◆ Entries provided:

"""

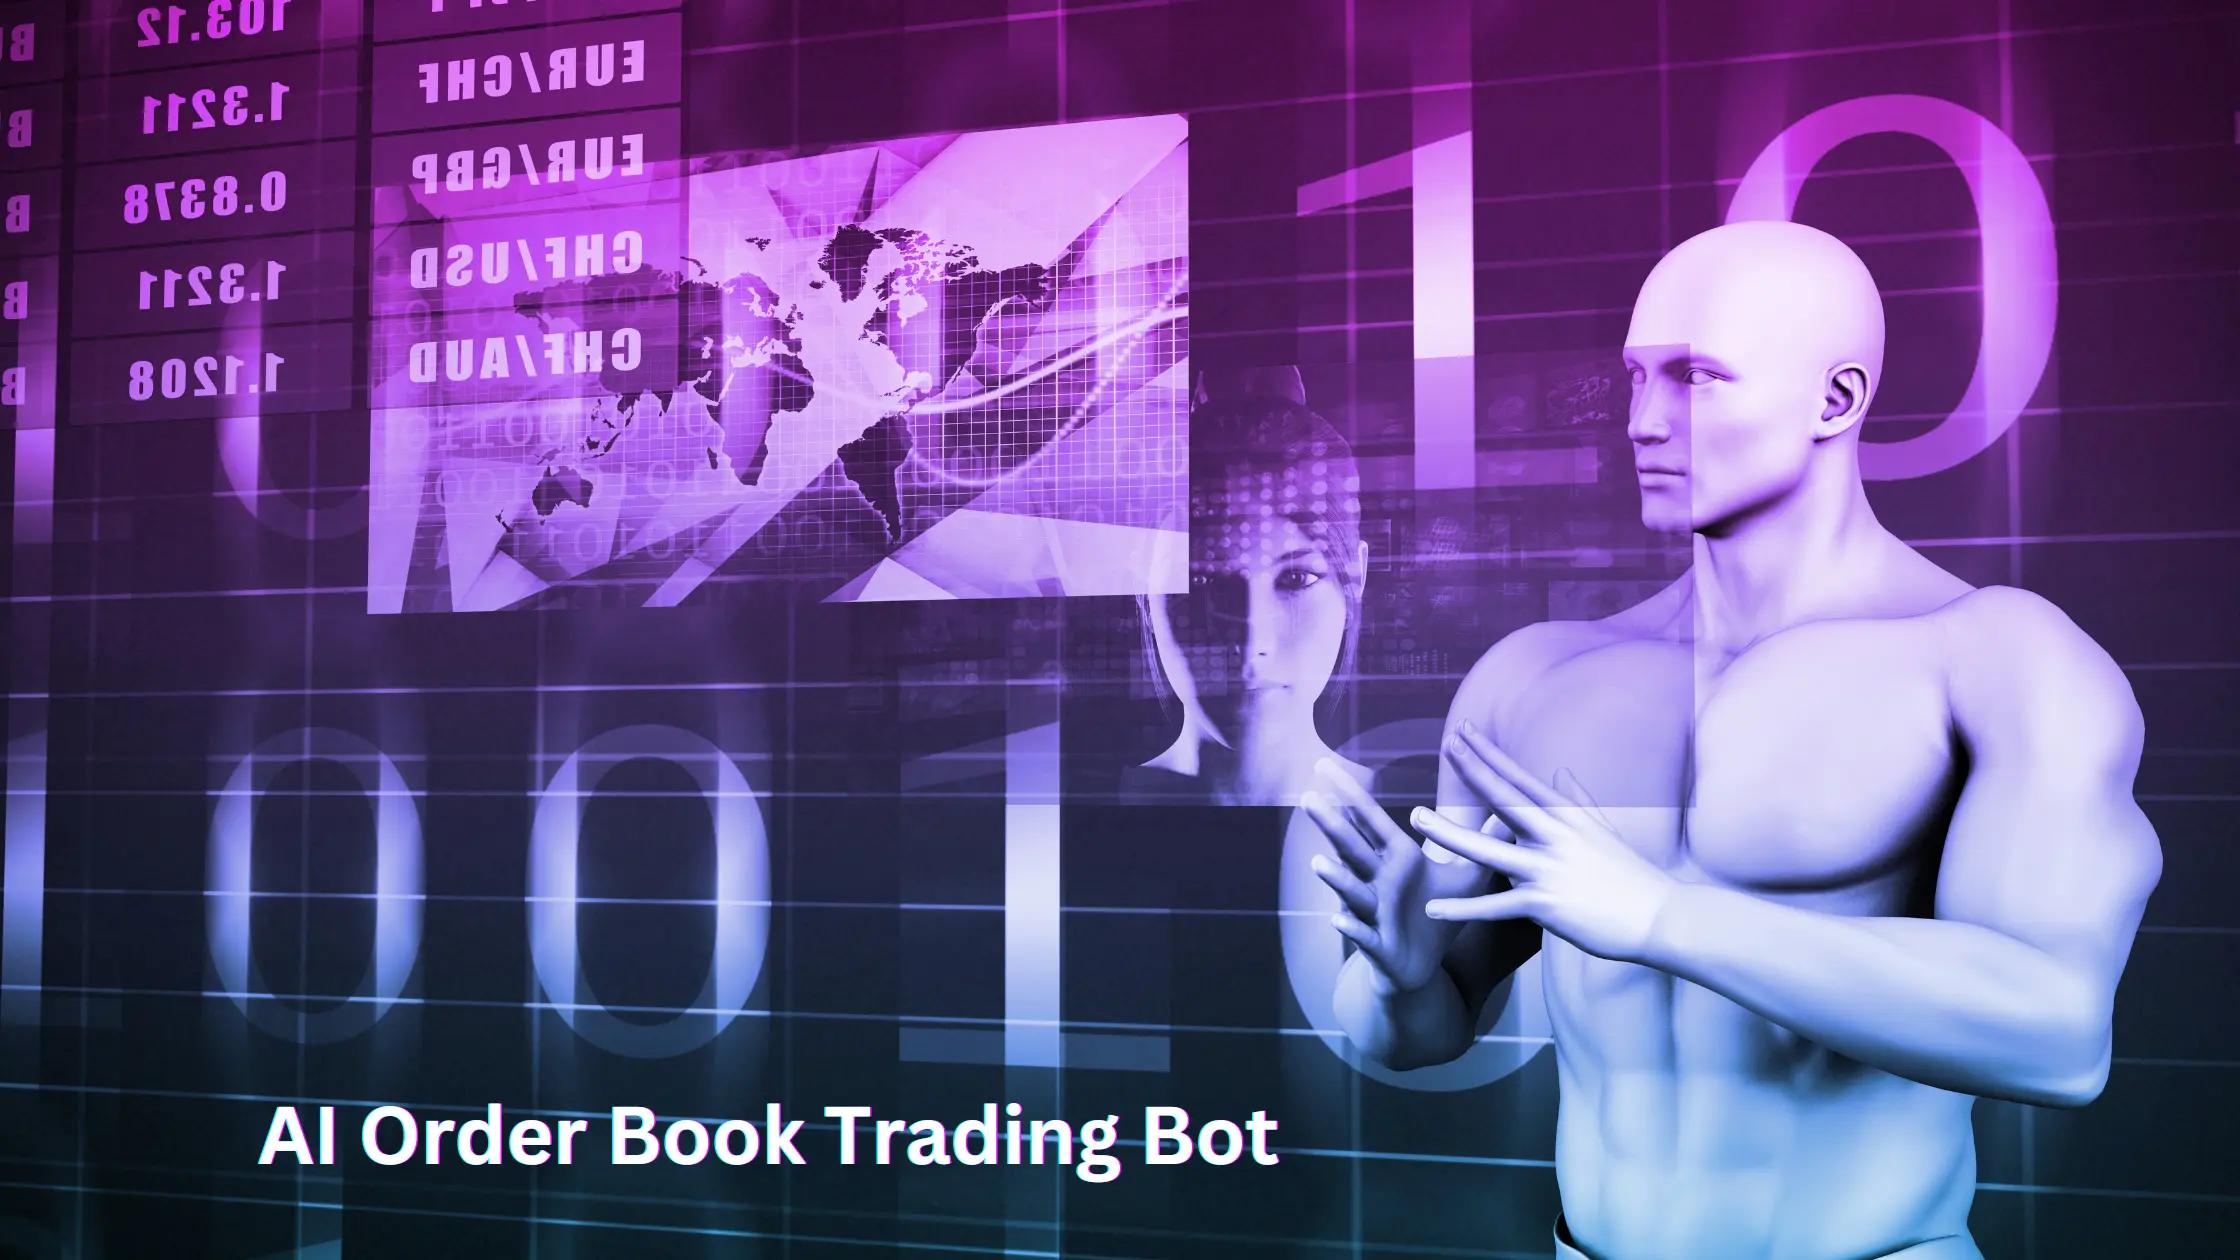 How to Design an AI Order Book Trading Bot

"""
"""

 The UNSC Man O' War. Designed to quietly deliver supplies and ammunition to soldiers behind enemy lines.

"""
"""

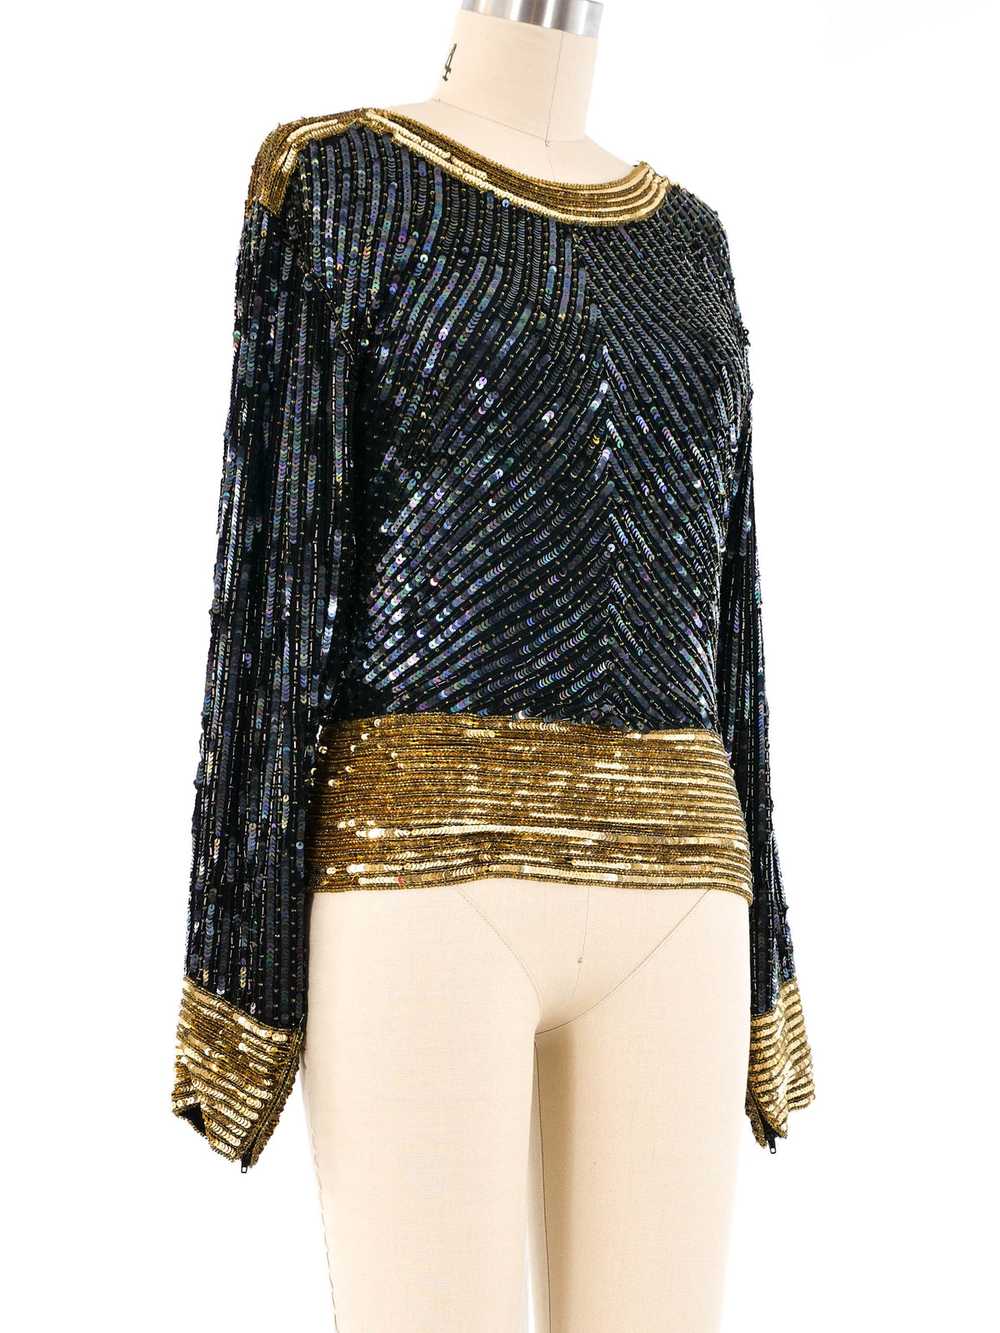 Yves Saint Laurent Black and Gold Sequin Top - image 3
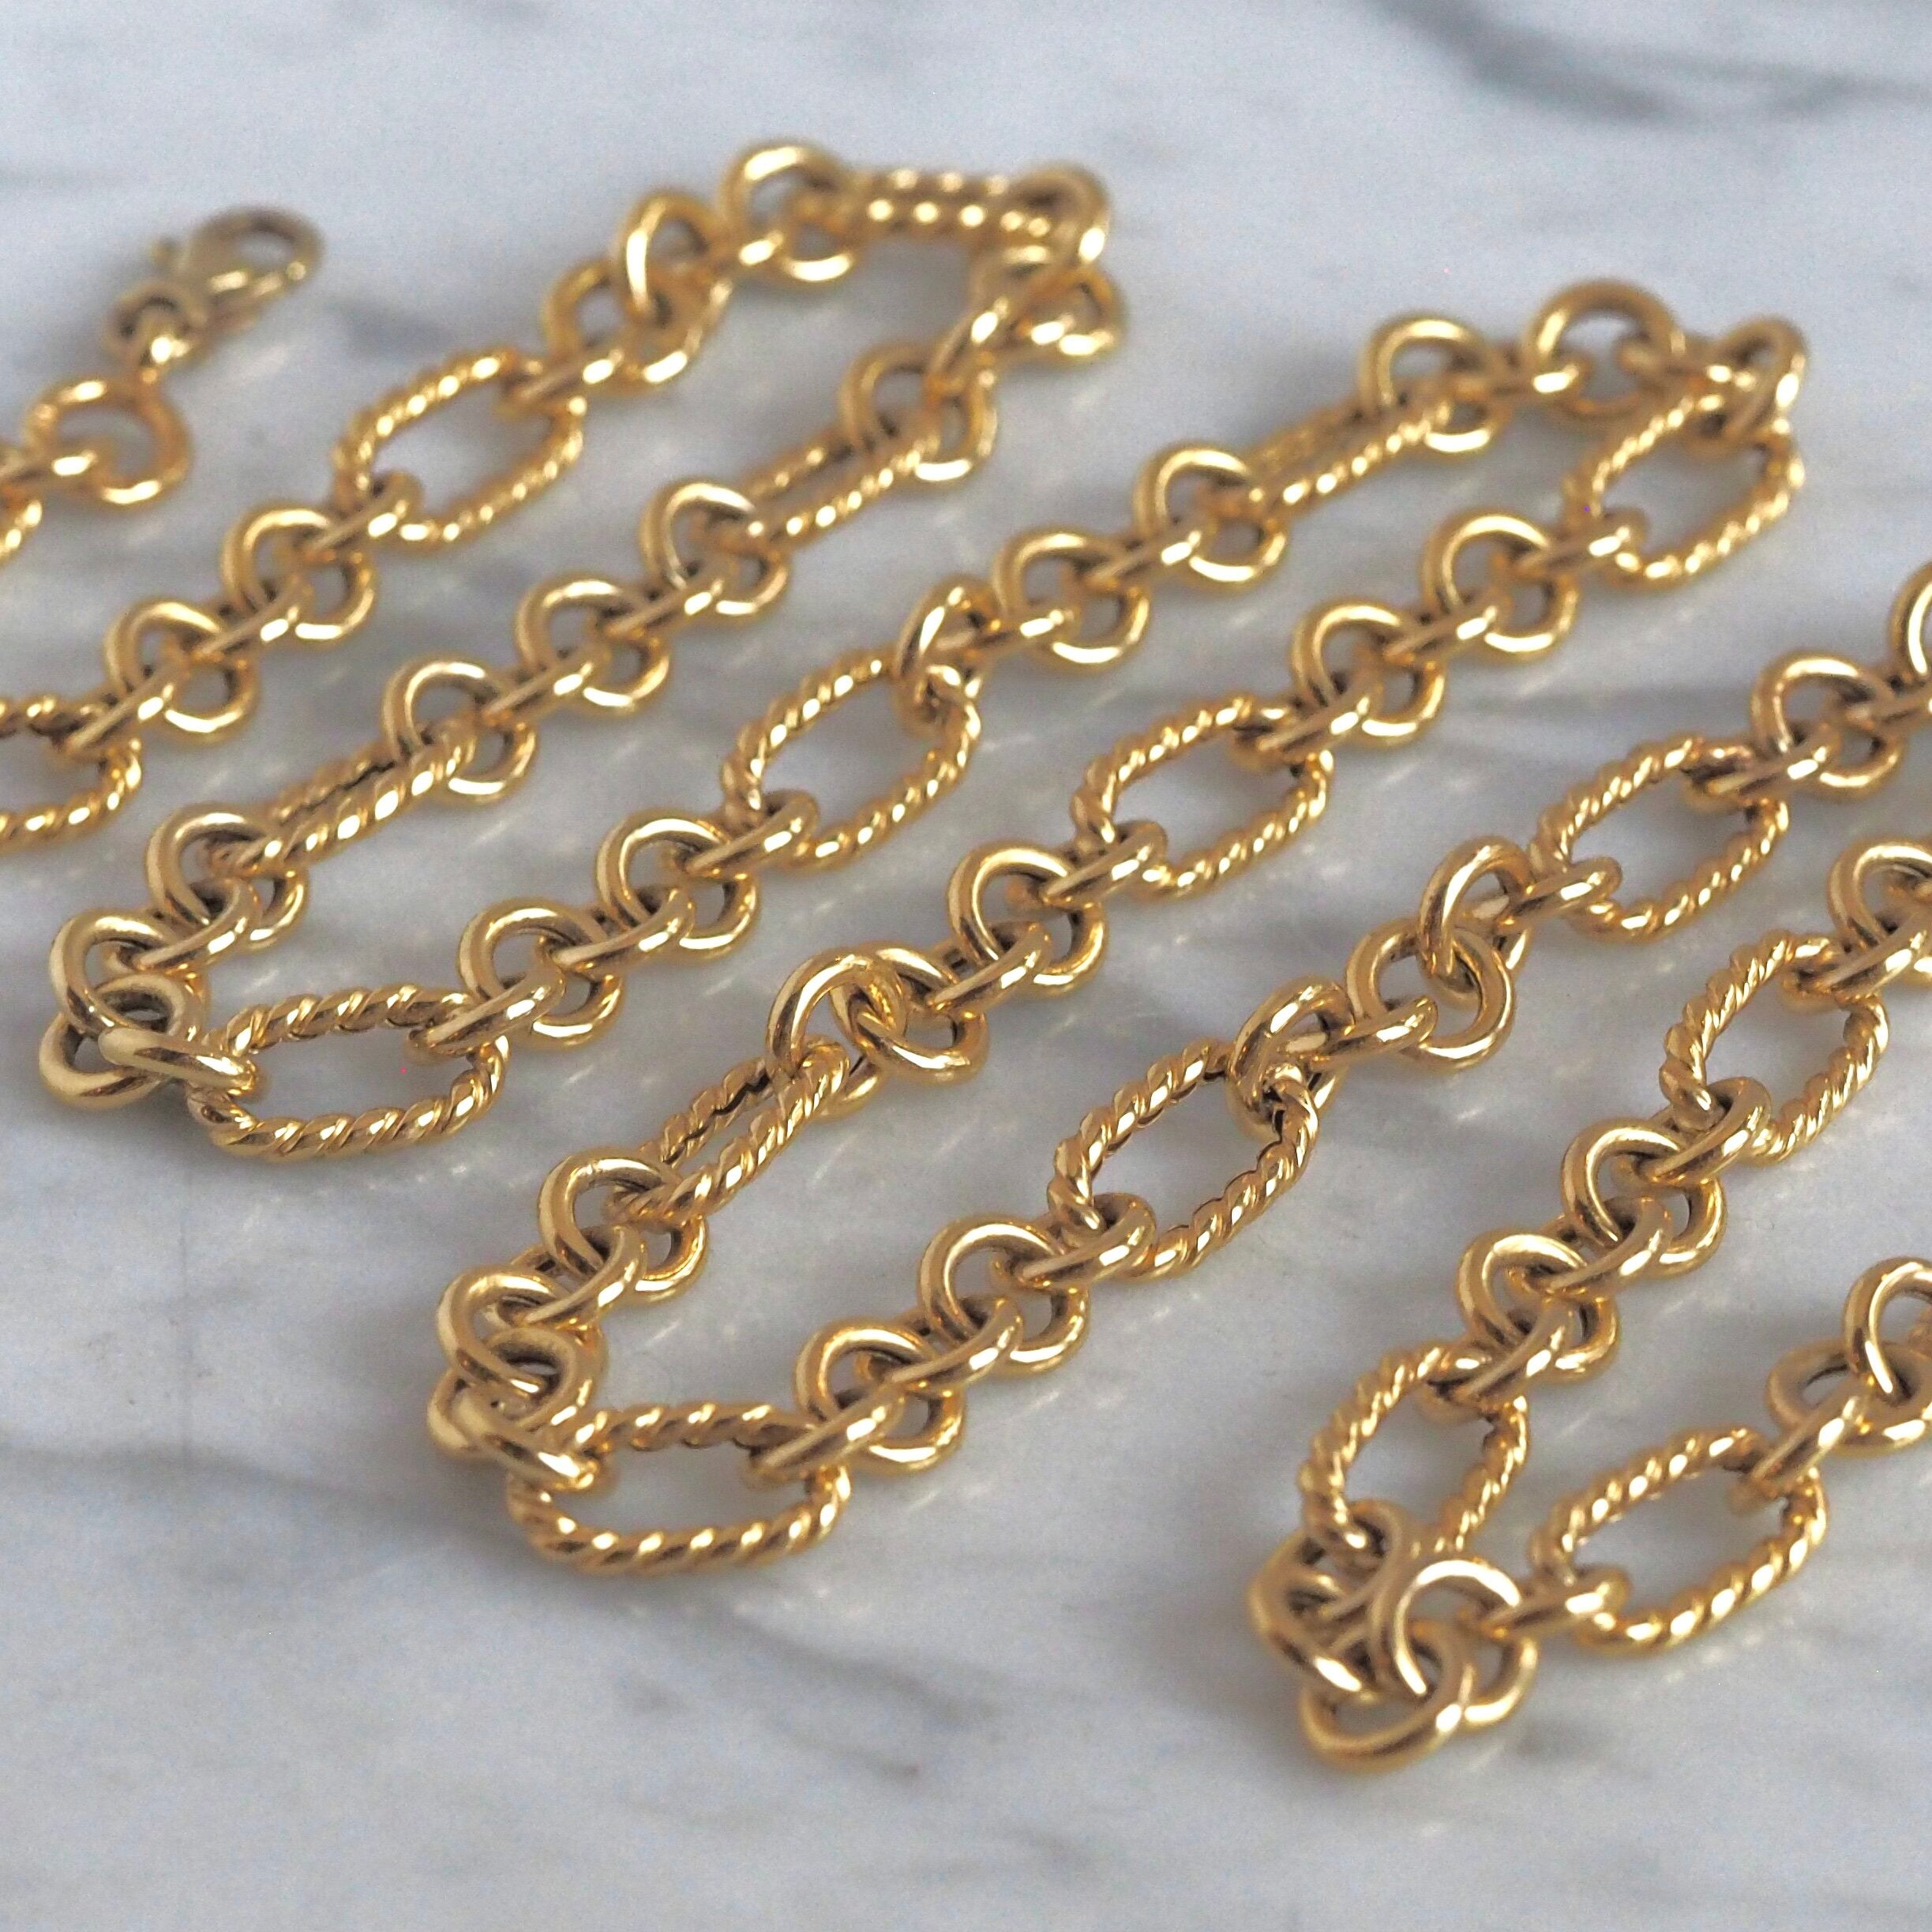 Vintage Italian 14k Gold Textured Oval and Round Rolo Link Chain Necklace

"""

◆ Exercise aim: Reproduce the entries exactly, from the line with "Yves Saint Laurent" to the line with "Vintage Italian 14k", both lines included, keeping no pictures.

◆ Response for this exercise:
 Yves Saint Laurent Black and Gold Sequin Top - image 3
 Vintage Italian 14k Gold Textured Oval and Round Rolo Link Chain Necklace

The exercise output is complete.